Figure 2: ROC curves for the CDC, tree and ranger model.

R snippets

The two most popular packages for training random forests in R are randomForest (Liaw and Wiener 2002) and ranger (Wright and Ziegler 2017). Both are easy to use, efficient and well parameterized. But here we use mlr3 toolkit for model training. It adds an additional level of abstraction, is a little more complex to use, but has additional features that will be used in the next section devoted to hyperparameters.

Liaw, Andy, and Matthew Wiener. 2002. Classification and Regression by randomForest.” R News 2 (3): 18–22.
Wright, Marvin N., and Andreas Ziegler. 2017. ranger: A Fast Implementation of Random Forests for High Dimensional Data in C++ and R.” Journal of Statistical Software 77 (1): 1–17.
Lang, Michel, Martin Binder, Jakob Richter, Patrick Schratz, Florian Pfisterer, Stefan Coors, Quay Au, Giuseppe Casalicchio, Lars Kotthoff, and Bernd Bischl. 2019. mlr3: A Modern Object-Oriented Machine Learning Framework in R.” Journal of Open Source Software. https://doi.org/10.21105/joss.01903.

Training a model with mlr3 (Lang et al. 2019) is performed in three steps.

  1. Define the prediction task, an object that remembers the training data and the target, i.e. the variable that should be predicted
library("mlr3")
(covid_task <- TaskClassif$new(id = "covid_spring", 
        backend = covid_spring, 
        target = "Death",  positive = "Yes"))

# <TaskClassif:covid_spring> (10000 x 8)
# * Target: Death
# * Properties: twoclass
# * Features (7):
#   - fct (6): Cancer, Cardiovascular.Diseases, Diabetes,
#     Gender, Kidney.Diseases, Neurological.Diseases
#   - int (1): Age
  1. Select the family of models in which we want to look for a solution. There are a lot of algorithms to choose from, see the documentation. Set "classif.ranger" for the random forests models.
library("mlr3learners")
library("ranger")
covid_ranger <- lrn("classif.ranger", predict_type="prob", 
                num.trees=25)
  1. Train the model with the method. The package uses R6 classes, so this method modifies the object in place.
covid_ranger$train(covid_task)

A trained model can be turned into a DALEX explainer. Note that the predict_function is again slightly different. DALEX would guess this function based on the class of the model, but we point it out explicitly to make it easier to understand what is going on.

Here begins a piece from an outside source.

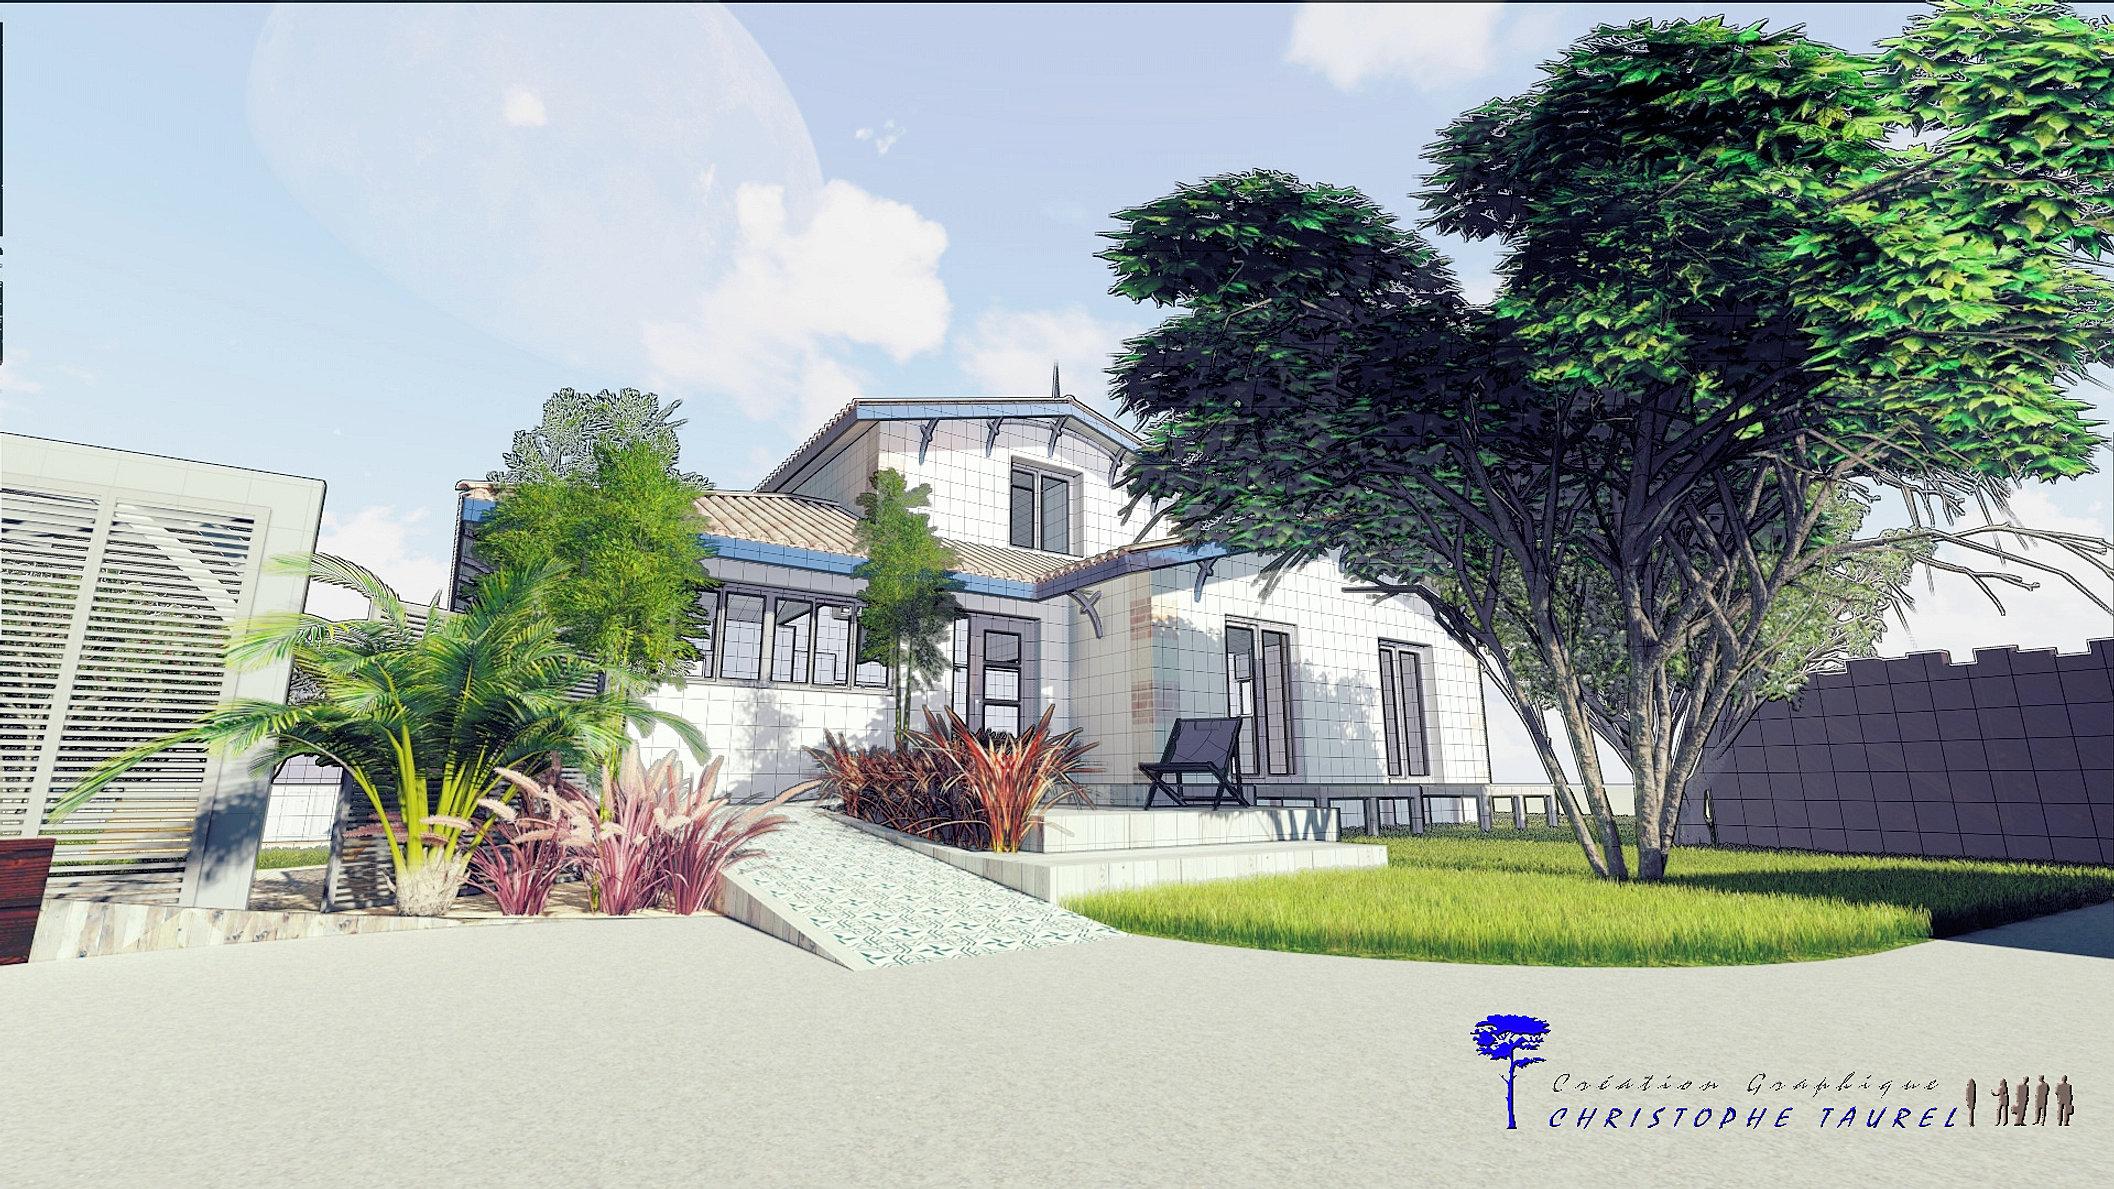 Image maison 3d permis de construire plan maison 3d agence for Dessinateur paysagiste

model_ranger <- explain(covid_ranger,
          predict_function = function(m,x)
               predict(m, x, predict_type = "prob")[,1],
          data = covid_summer,
          y = covid_summer$Death == "Yes",
          type = "classification", label = "Ranger")

We can now check how good this model is. As expected, a random forest model has better performance/AUC than a single tree.

(mp_ranger <- model_performance(model_ranger))

# Measures for:  classification
# recall     : 0.04291845 
# precision  : 0.4347826 
# f1         : 0.078125 
# accuracy   : 0.9764 
# auc        : 0.9425837

And finally we plot both ROC curves.

plot(mp_ranger, mp_tree, mp_cdc, geom= "roc")

Figure 3: ROC curves for the CDC, tree and ranger model.